Global upper bounds for portfolio set, returned as vector for a `Portfolio`, `PortfolioCVaR`, or `PortfolioMAD` input object (`obj`).

Indicator for whether portfolio set is empty (`[]`), bounded (`true`), or unbounded (`false`), returned as a logical.

### Note

By definition, any portfolio set must be nonempty and bounded:

• If the set is empty, `isbounded` = `[` `]`.

• If the set is nonempty and unbounded, `isbounded` = `false`.

• If the set is nonempty and bounded, ```isbounded ``` = `true`.

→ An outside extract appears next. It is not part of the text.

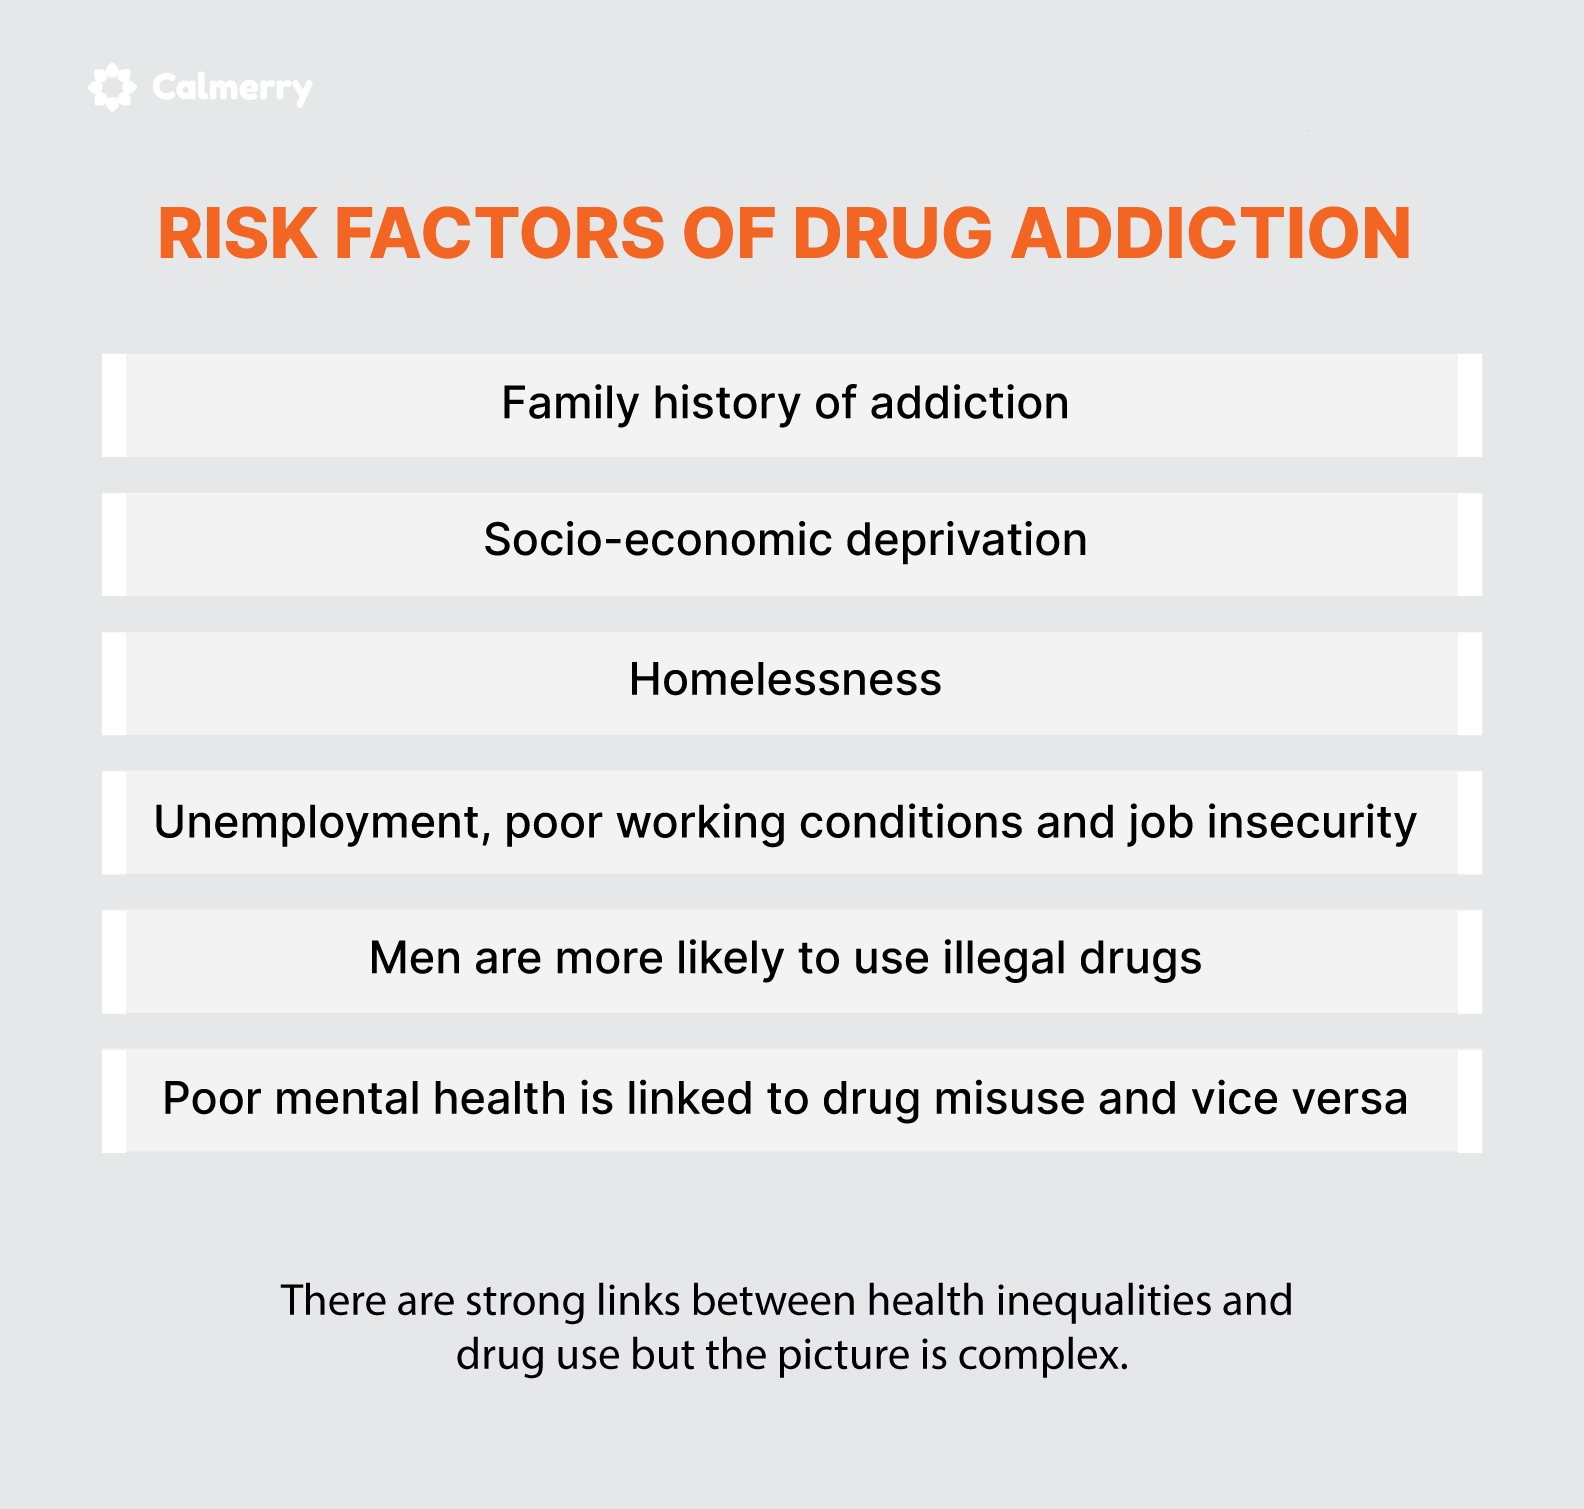 Risk factors of drug addiction
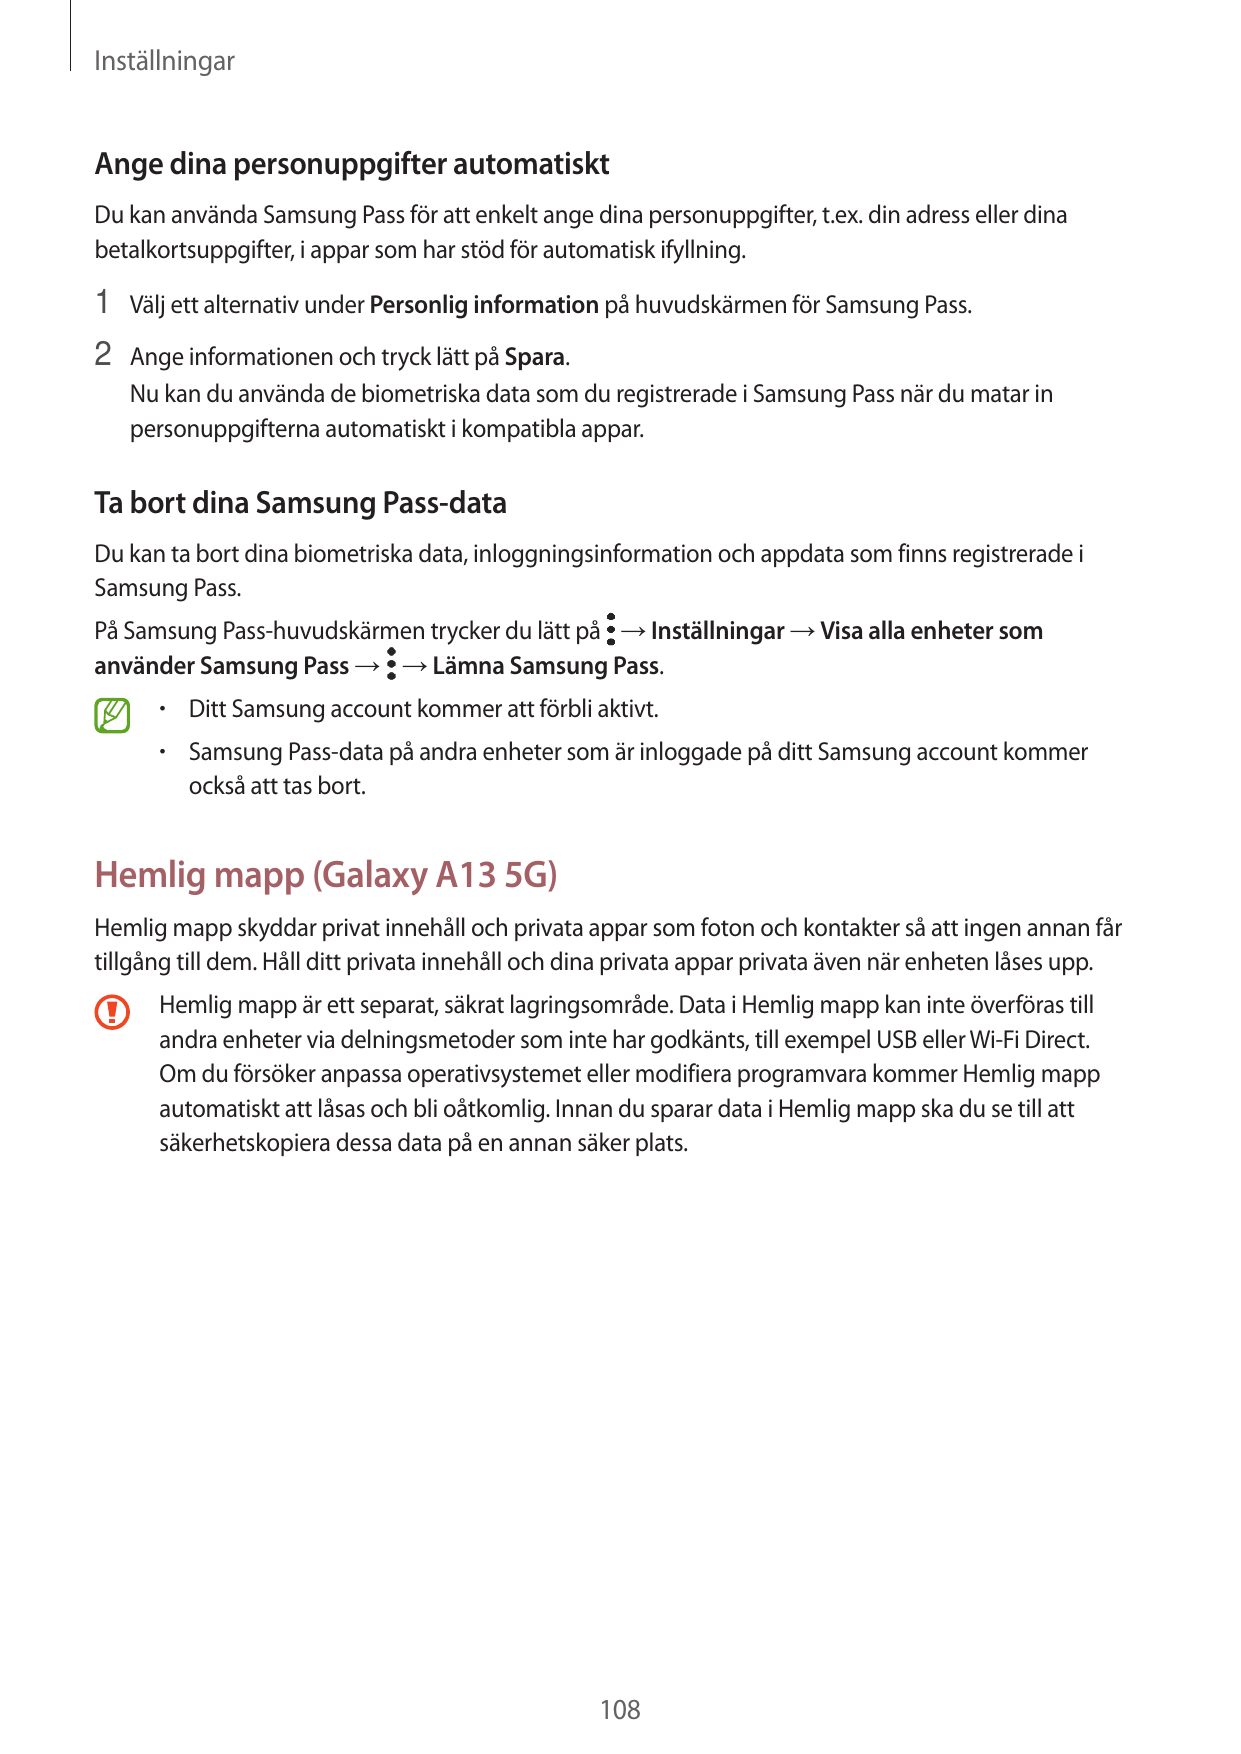 InställningarAnge dina personuppgifter automatisktDu kan använda Samsung Pass för att enkelt ange dina personuppgifter, t.ex. di

• If the set is empty, `glb` and `gub` are set to `NaN` vectors.

An `isbounded` value is returned for `Portfolio`, `PortfolioCVaR`, or `PortfolioMAD` input object (`obj`).

## Tips

• You can also use dot notation to estimate the global lower and upper bounds for a given set of portfolios.

`[glb, gub, isbounded] = obj.estimateBounds;`

• Estimated bounds are accurate in most cases to within `1.0e-8`. If you intend to use these bounds directly in a portfolio object, ensure that if you impose such bound constraints, a lower bound of `0` is probably preferable to a lower bound of, for example, `1.0e-10` for portfolio weights.